As the Australian government, like all governments with their own sovereign currency is not fiscally constrained, and can create as many Australian dollars as it chooses (apart from spending excessively locally that inflation results), what would stop the Australian government using ‘created’ $AU to go on an international spending spree to buy up the world’s corporations, property, agricultural land, fine art, precious metals and any other nice to have foreign assets?
To Xanti, Jerry Brown ant Stelios:
Thank you all very much for your answers, I think I understand now. Even though the bond sales reduce the deposits of the ones who buy bonds, this is unlikely to affect the possible inflationary pressure of new demand, as bonds are very liquid and the households already had a desire for savings. And the overall amount of assets still rise no matter what.
Thanks again!
No surprise here. All the IMF presidents are European.
Most have been ministers in cabinets. The last three, Rodrigo Rato, Dominique Strauss-Kahn and Christine Lagarde have demonstrated reckless behavior and connivance with corruption. Rato has been incarcerated several times and is being prosecuted in several corruption cases. Strauss-Kahn is a lecherous rapist. Lagarde was involved in the Tapie case. How can anything decent come out of that organization?
Andreas Bimba,
When Australia sells the world it’s resources that it has produced it gets paid in the local currency and this sits in the buyers central bank. So Australia does not need to create $AU to go on a world wide spending spree.
a) Australia can then buy goods and services in that country using the newly acquired local currency
b) Save that currency by buying a bond to earn interest
c) Move it back home and change it to $AU
So what stops Australia via option a) from buying world’s corporations, property, agricultural land, fine art, precious metals and any other nice to have foreign assets?
Rules that the buying country sets in place. If you want to play in their sandbox you have to play by their rules. Australians are banned from buying many things with their excess savings that they acquire via trade. Probably monitored by the merger and acquisition authorities.
You can see the problems it can cause first hand if not monitored correctly. How many Australian exporters own housing in New Zealand, New York, Beijing because they wanted a better investment on their export savings rather than buying a foreign government bond.

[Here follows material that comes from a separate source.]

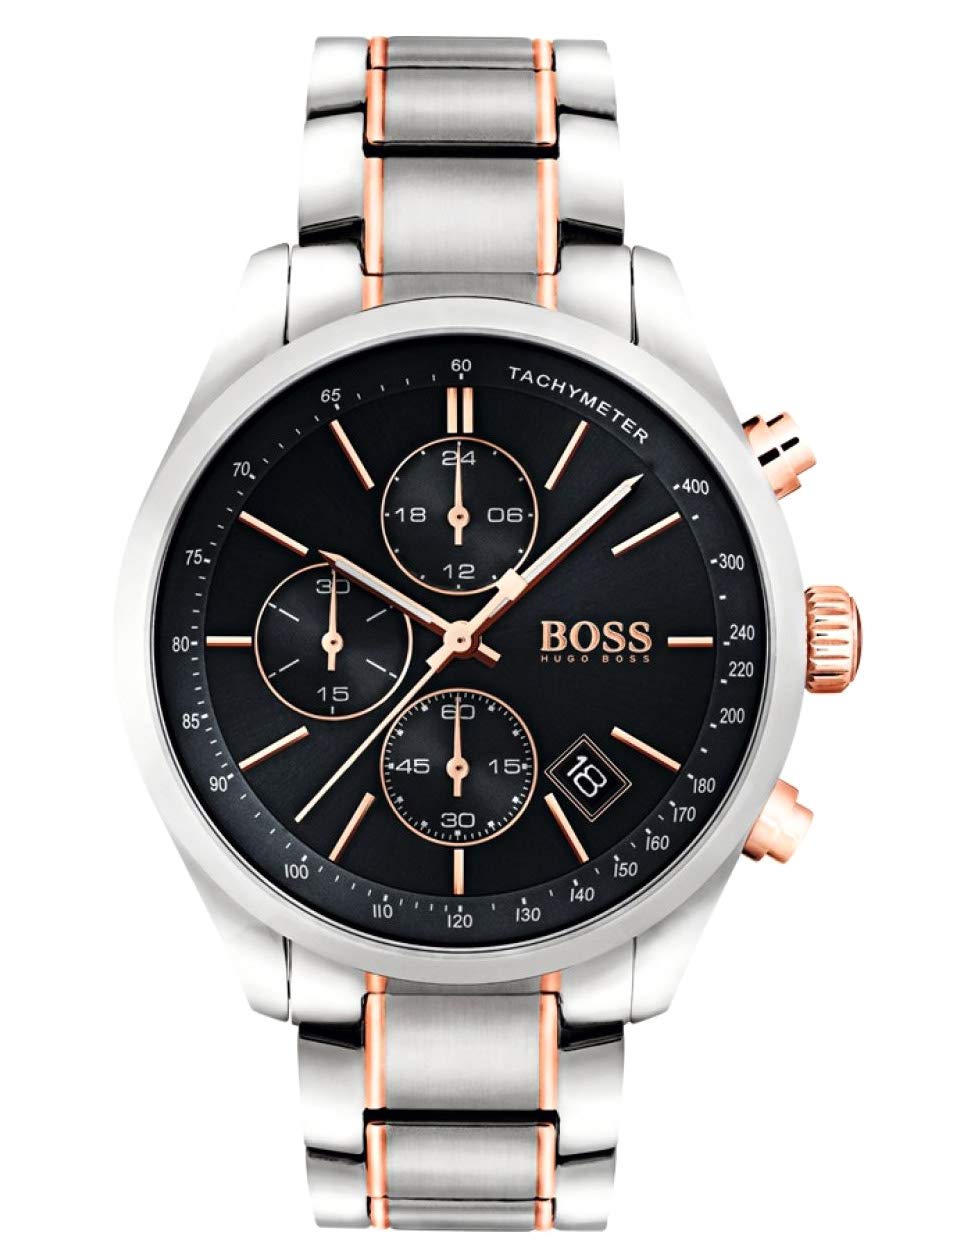 BOSS Men's Chronograph Quartz Watch with Stainless Steel Strap 1513473

That then push up house prices that locals can’t afford to buy for example ?
U.S. panel wants to ban China from buying American firms with their export ” $ savings”

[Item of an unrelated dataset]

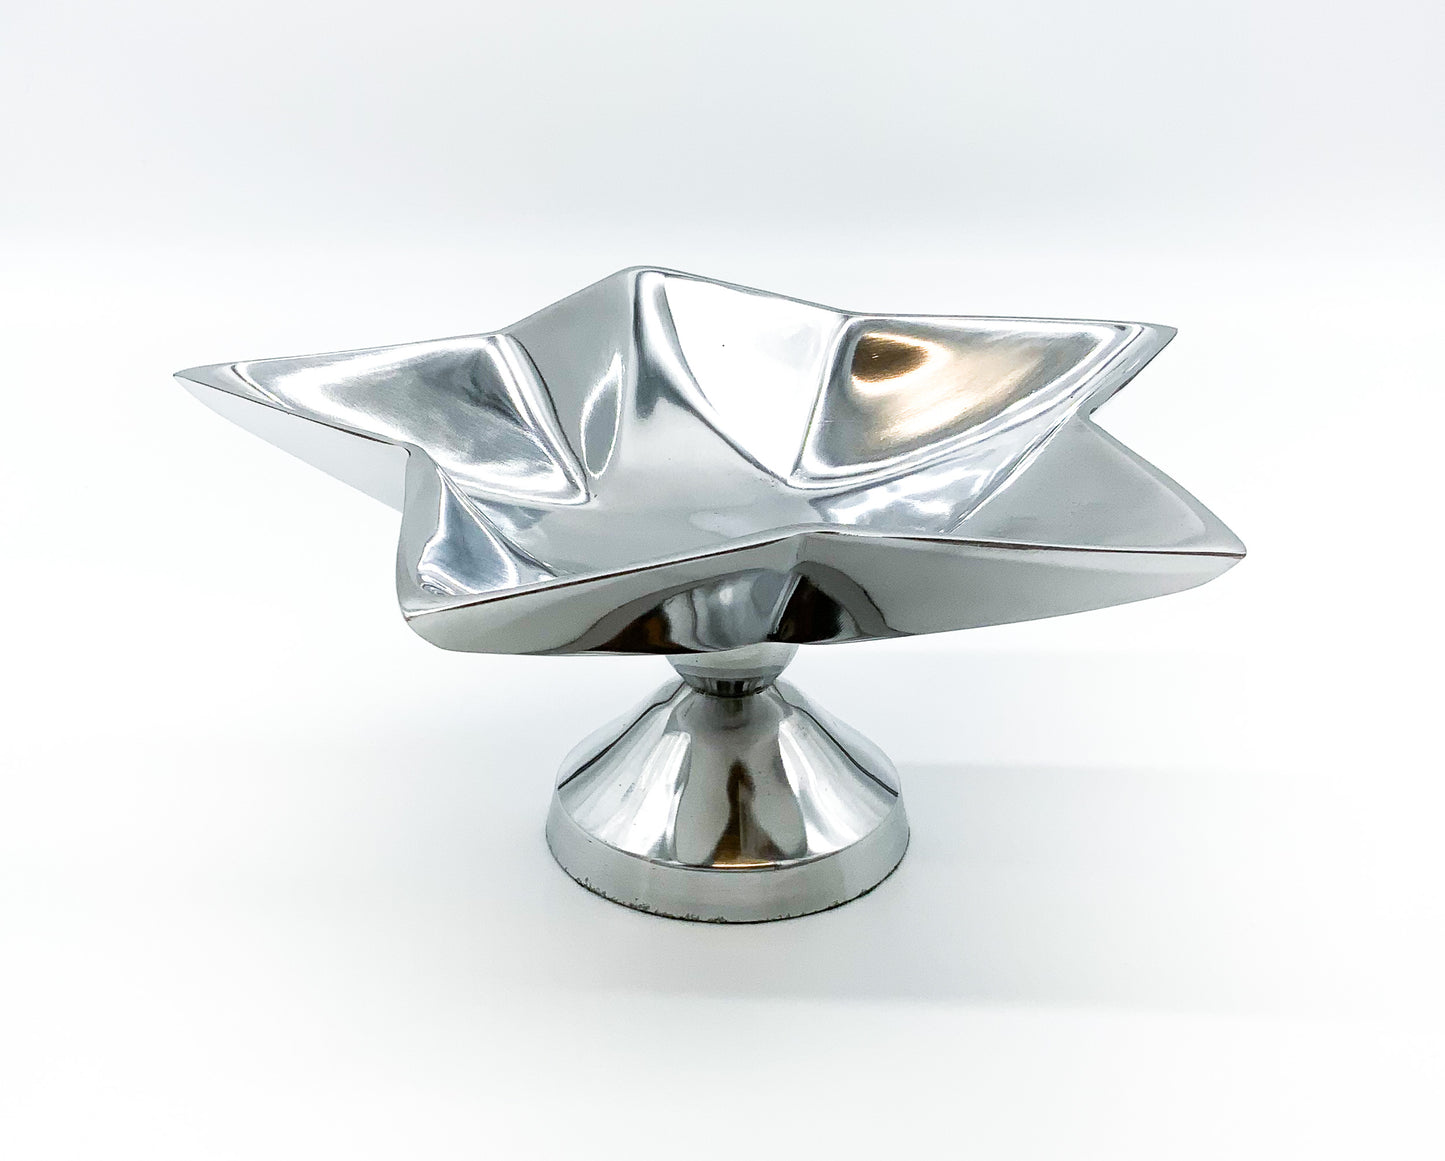 Footed Star Bowl

http://money.cnn.com/2016/11/17/investing/us-commission-china-state-owned-companies-takeovers/index.html
OTOH, its the IMF itself that has produced this criticism. The thesis that the IMF was run by malicious individuals and hence these people deserve jail time is rather undercut by that fact – the issue is much more systemic than that, as the evaluation argues.
Also, a lot of the commenter’s explanation of it as being driven from Washington ignores the fact that under Obama the yanks were in fact persistently telling the troika that what they were doing was suicidal, and urging them to print lots more money. After all, the US was not hurt nearly as badly by German mercantilism as southern Europe was but certainly was not helped.
The discussion of bonds always seems obscured here, much more so than spending and taxing.
Gov spend $X: add $X to bank reserve account, add $X to invoicee bank account
Net increase is private worth is bank = $X (reserves) – $X (deposit debt) = $0
invoicee = $X (deposit asset)
Tax $X: deduct $X from taxpayer account, deduct $X from bank reserve,
Net decrease in private worth is $X (reserve above calculations)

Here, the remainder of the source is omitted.